• [The problem]:
Every line in the data below has to be repeated exactly; no picture belongs in the result.
(Beginning of Data section)
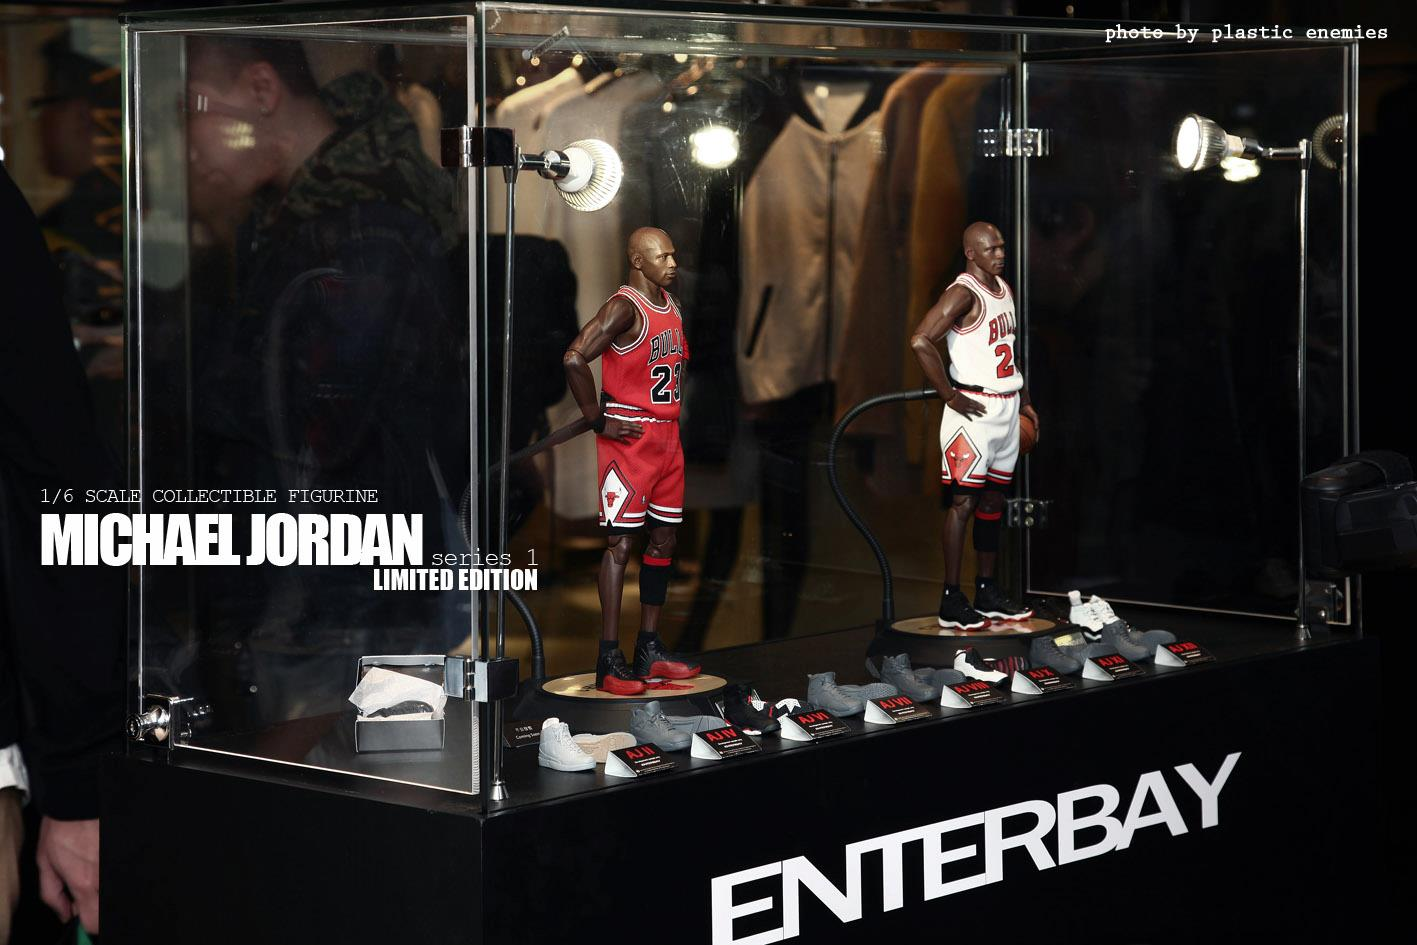 [ENTERBAY] NBA Real Masterpiece - Michael Jordan | Series 1 - Página 10 Mjs
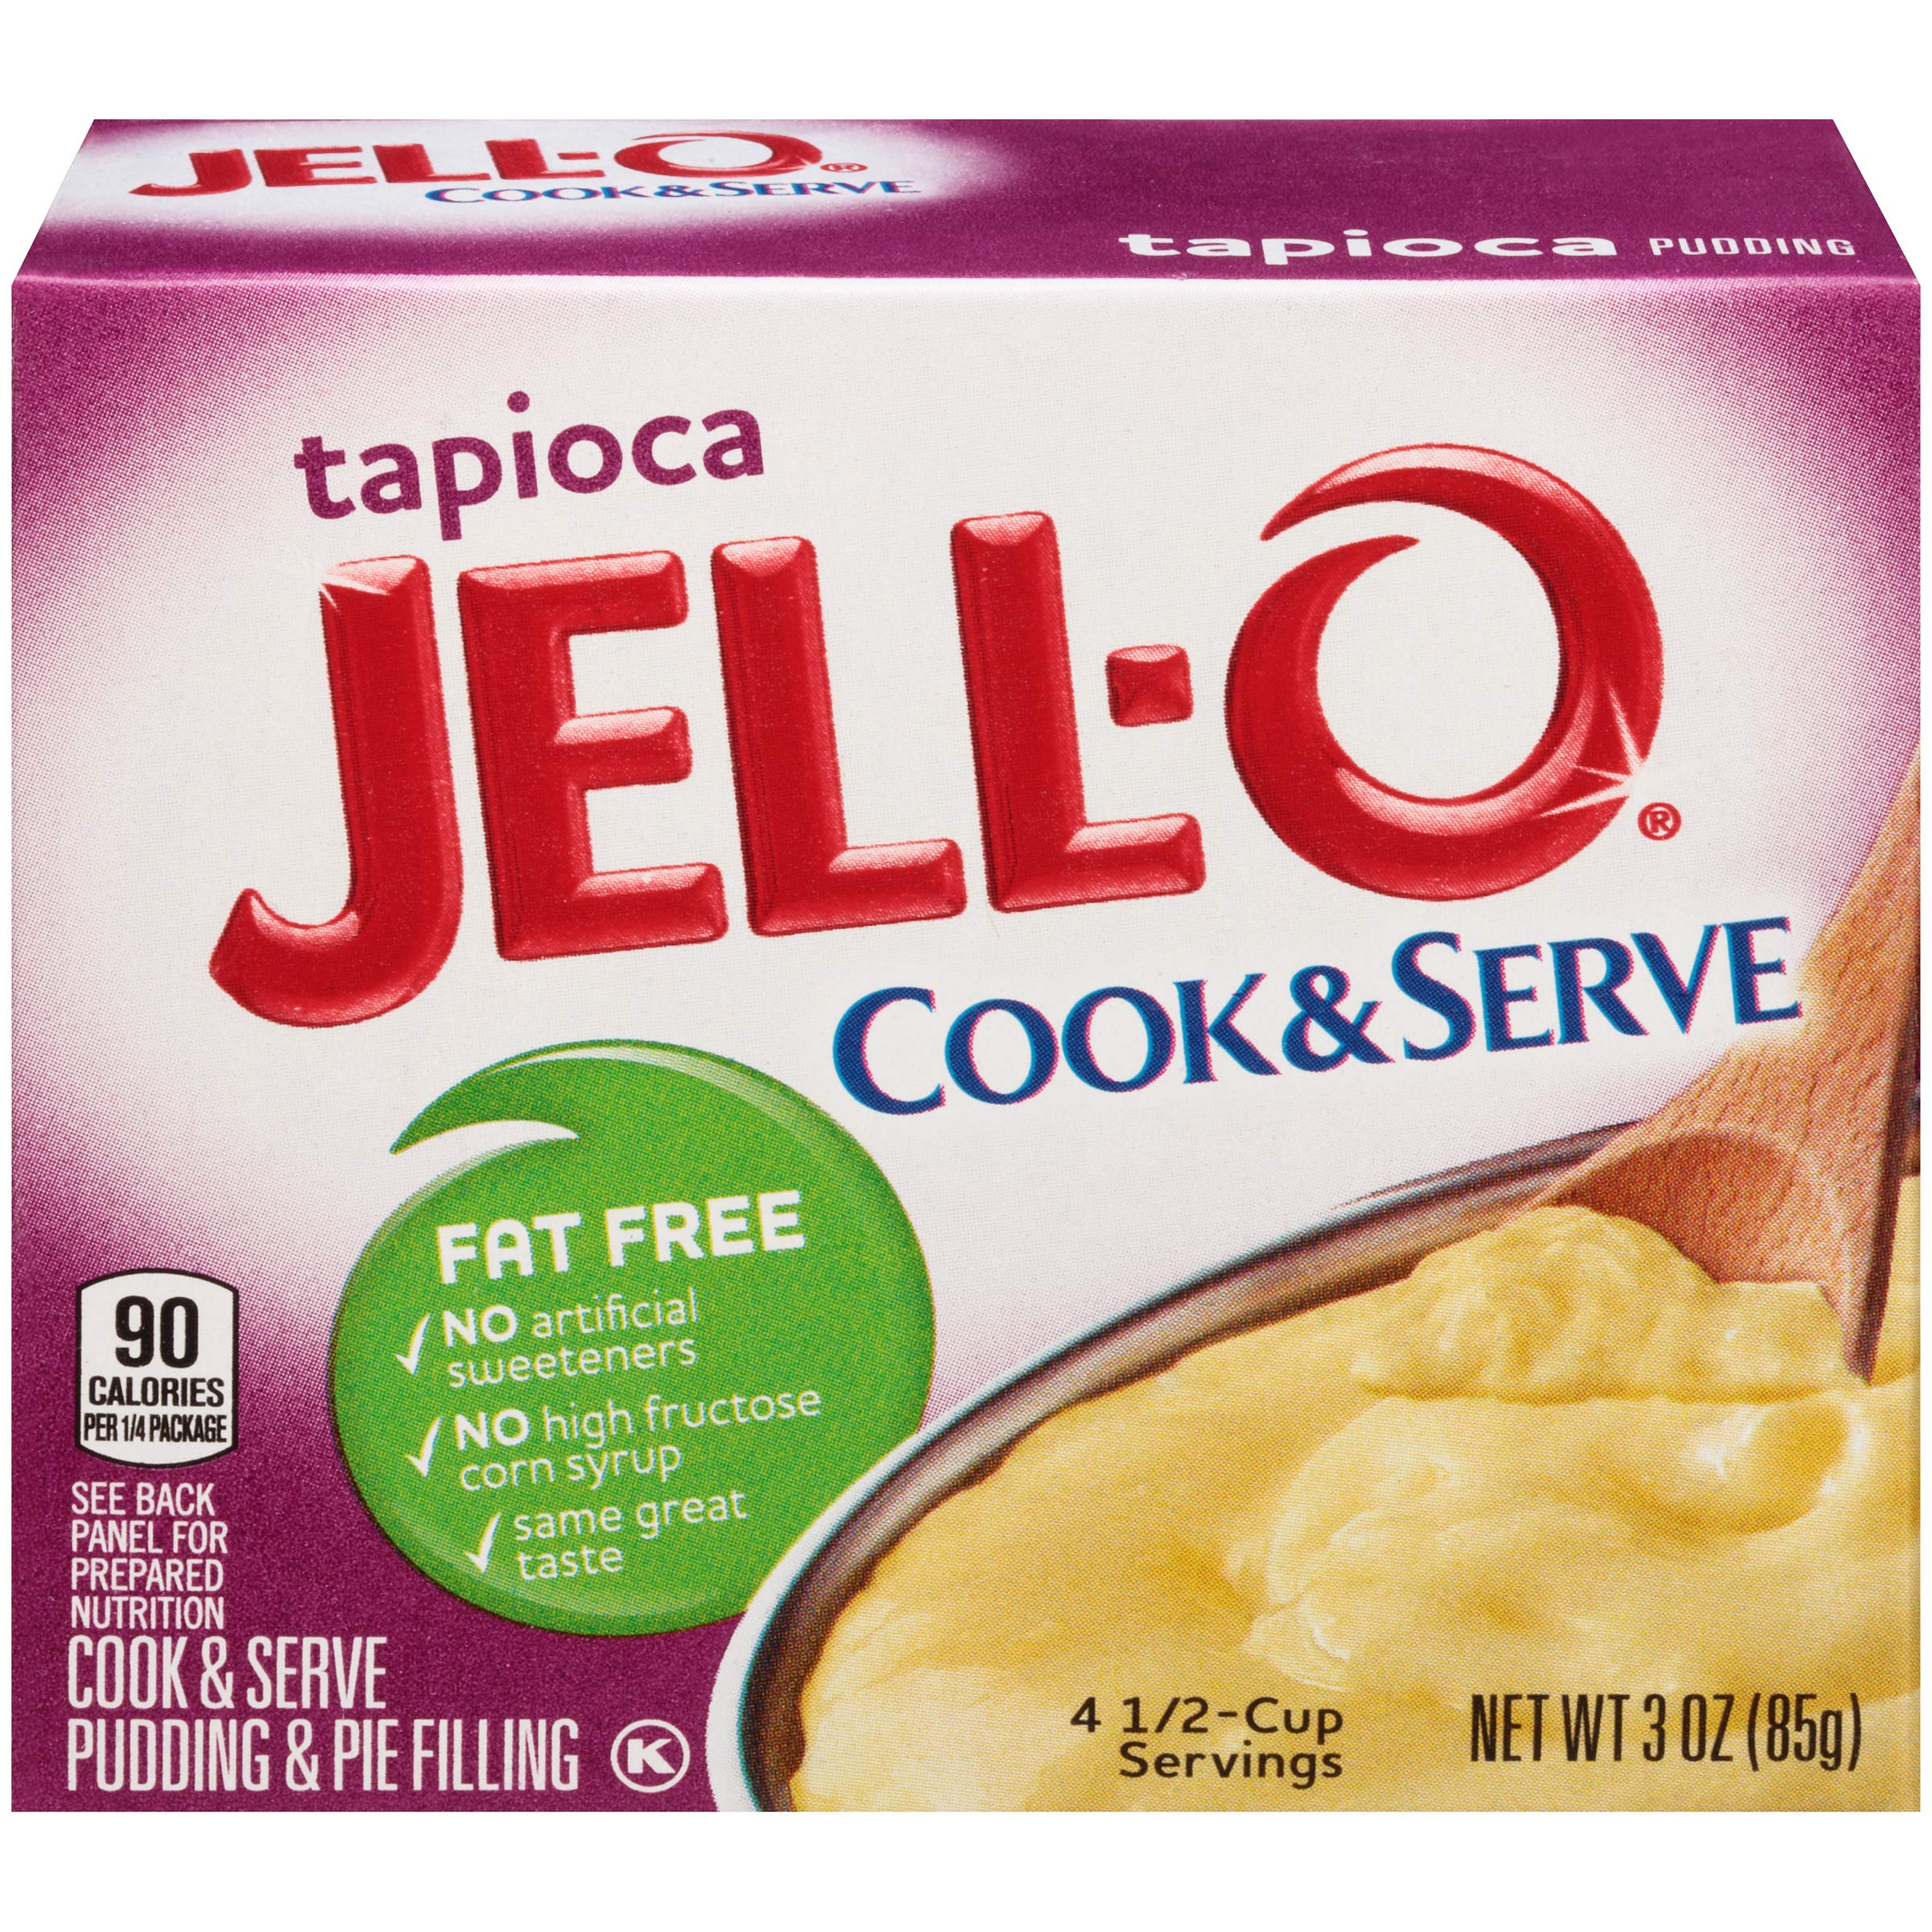 Jell-O Fat Free Cook & Serve Tapioca Pudding, 3 oz Box
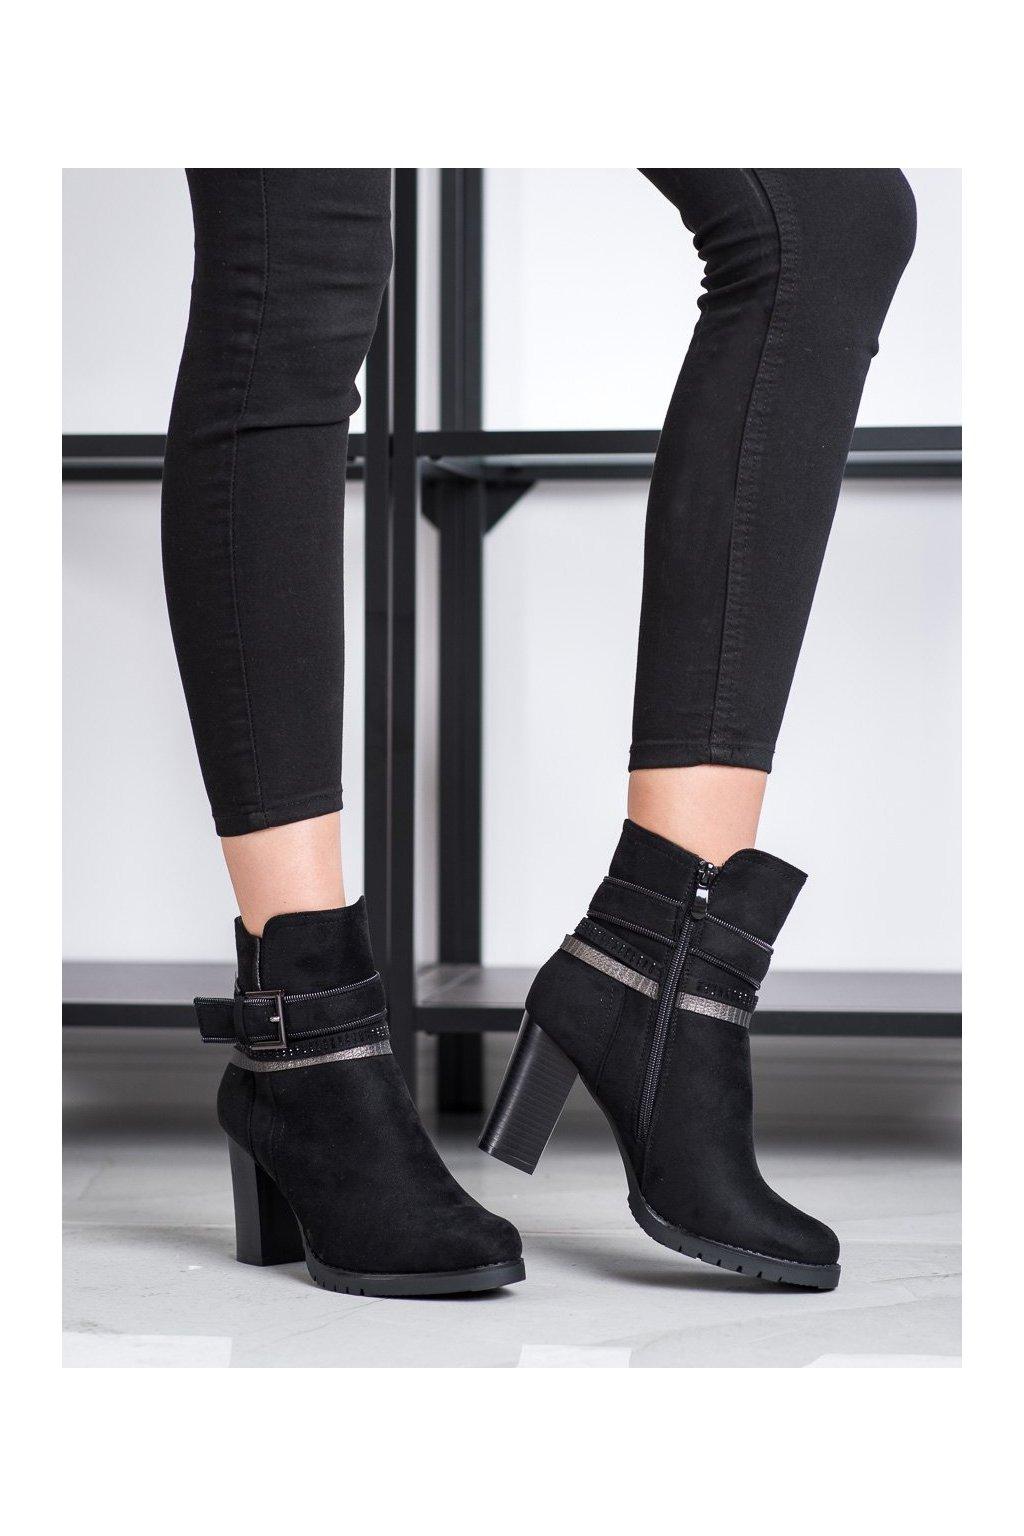 Čierne dámske topánky Queentina kod BH126B
(End of Data section)
• [Solution to this problem]:
 [ENTERBAY] NBA Real Masterpiece - Michael Jordan | Series 1 - Página 10 Mjs
 Jell-O Fat Free Cook & Serve Tapioca Pudding, 3 oz Box
 Čierne dámske topánky Queentina kod BH126B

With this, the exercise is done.